多汗症には大きく分けて「原発性多汗症(一次性多汗症)」と「続発性多汗症(二次性多汗症)」の2種類があります。
原発性多汗症は、他の疾患や薬の影響とは無関係に発症する多汗症で、手のひら・足裏・脇の下・顔・頭部といった特定の部位に限って過剰な発汗が見られるものです。原因は自律神経の過剰な働きにあるとされており、精神的な緊張や興奮がなくても発汗が起こりやすい特徴があります。一方で睡眠中には発汗しにくい、という点も原発性多汗症の特徴の一つです。

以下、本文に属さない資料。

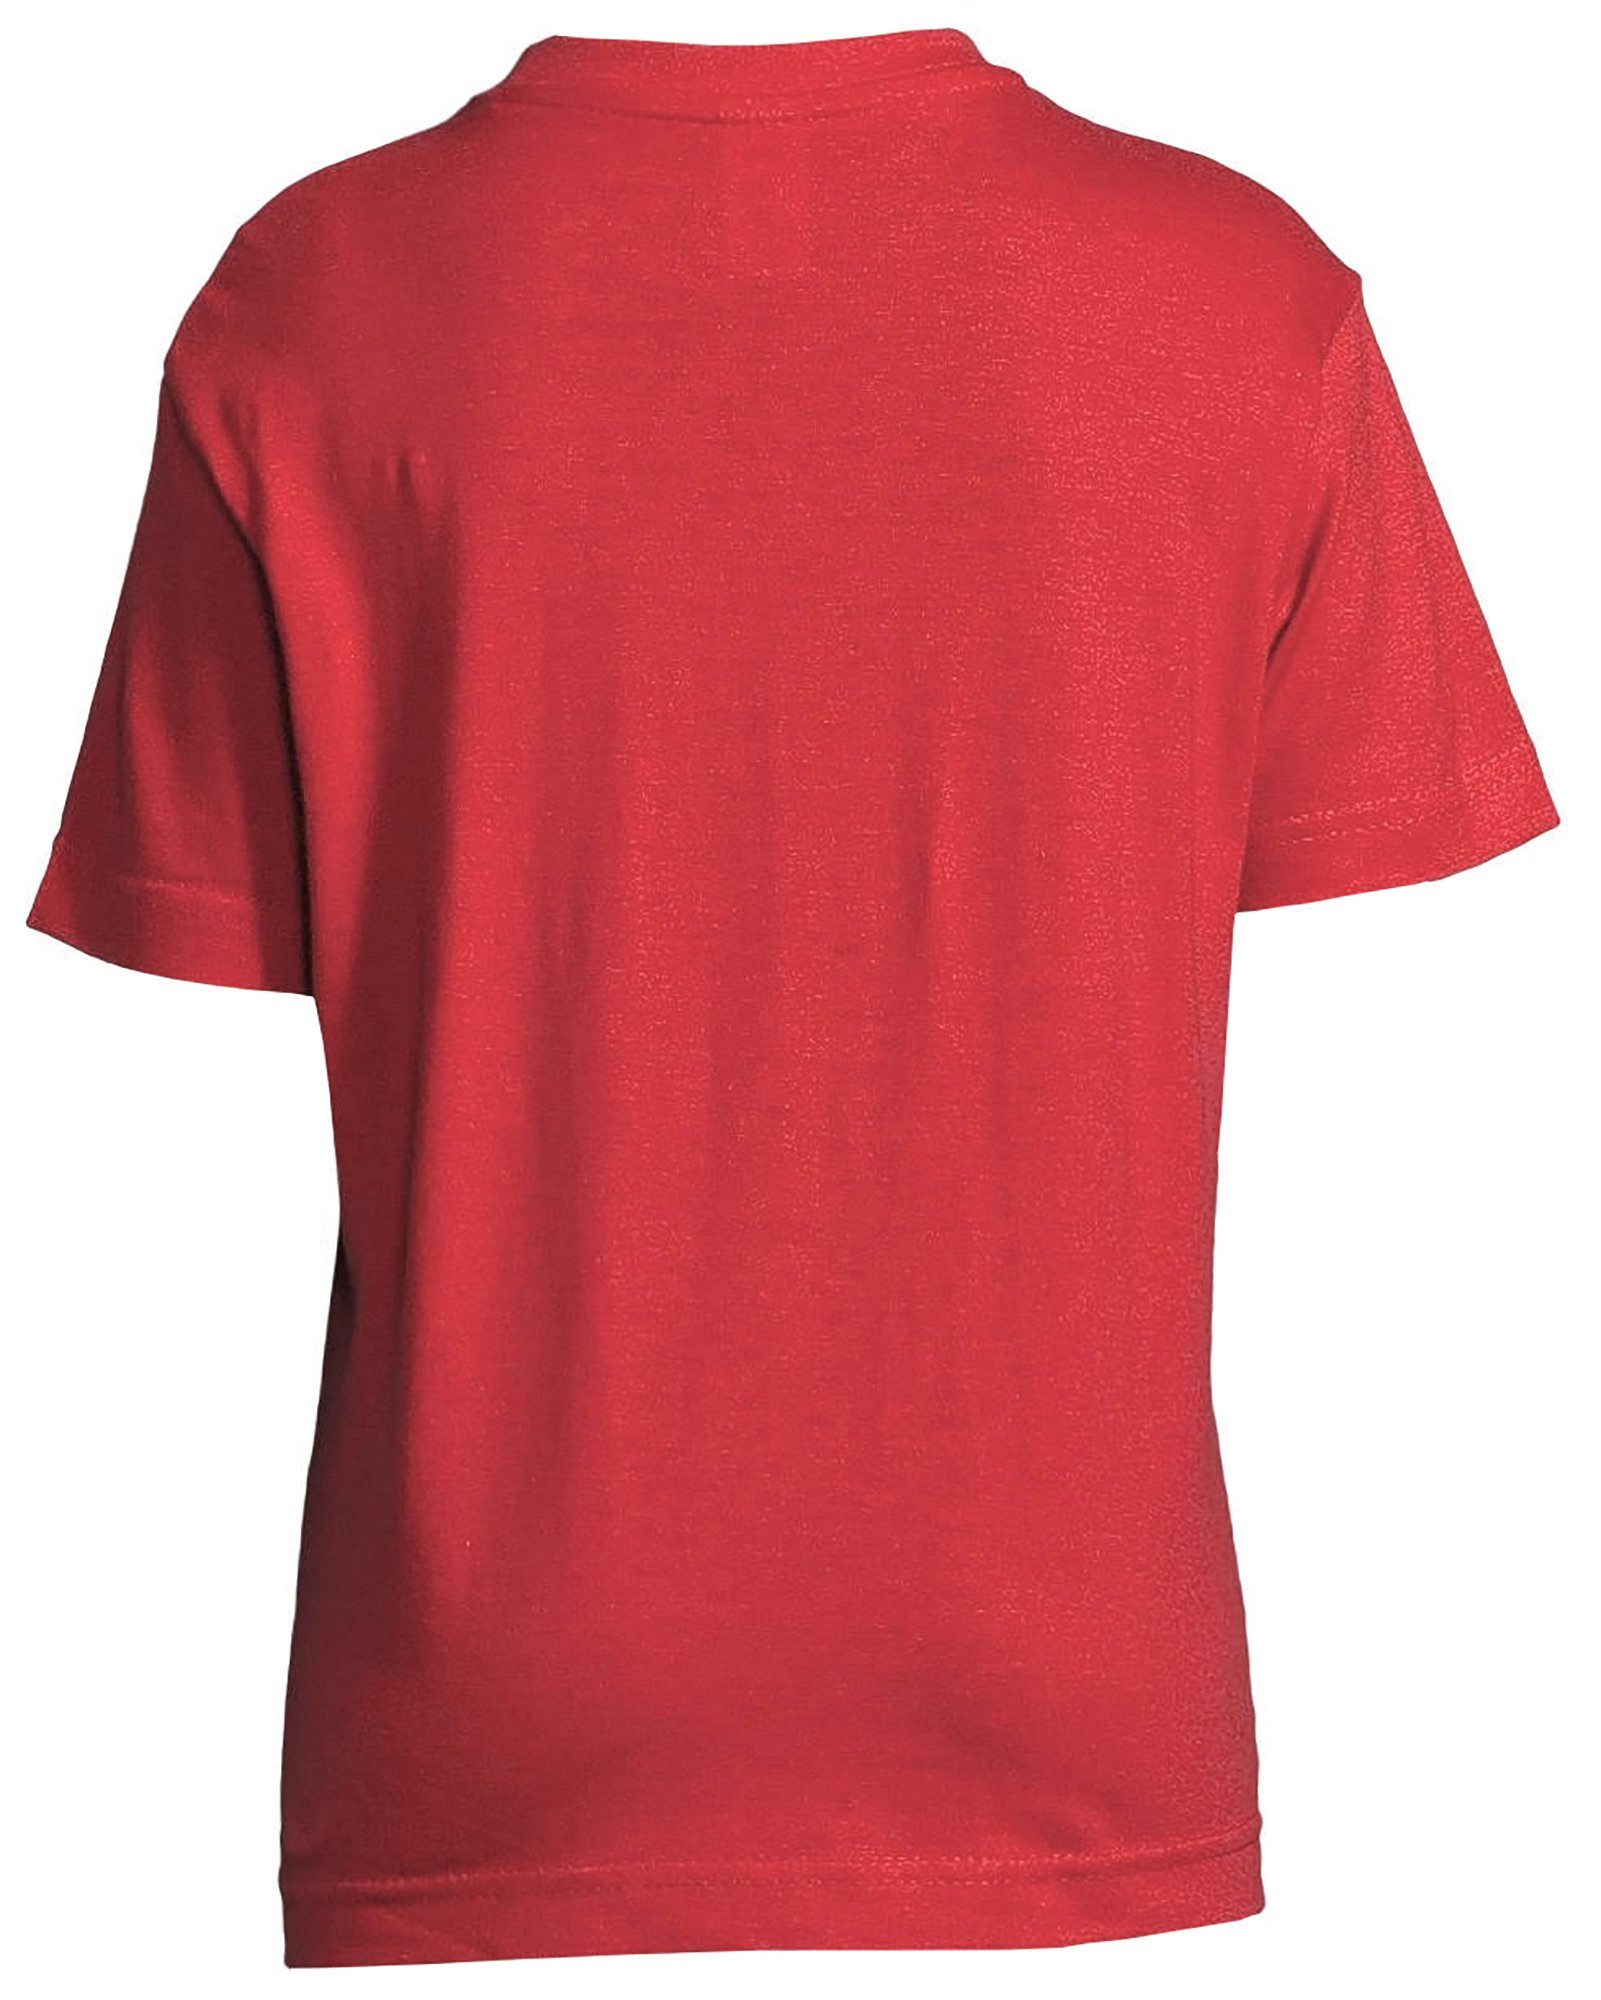 MyDesign24 Kinder mit T-Shirt Herzschlaglinie Pferdekopf Print-Shirt i154 bedrucktes rot Baumwollshirt mit Aufdruck,

続発性多汗症は、甲状腺機能亢進症や糖尿病、更年期障害、特定の薬剤の使用などが原因で引き起こされる多汗症です。こちらは全身性の発汗が見られることが多く、まず原因疾患の治療が優先されます。
このため多汗症の診断においては、どちらのタイプかを見極めることが非常に重要です。そのうえで、原発性多汗症と診断された場合は、その重症度を評価し、適切な治療法を選ぶという流れになります。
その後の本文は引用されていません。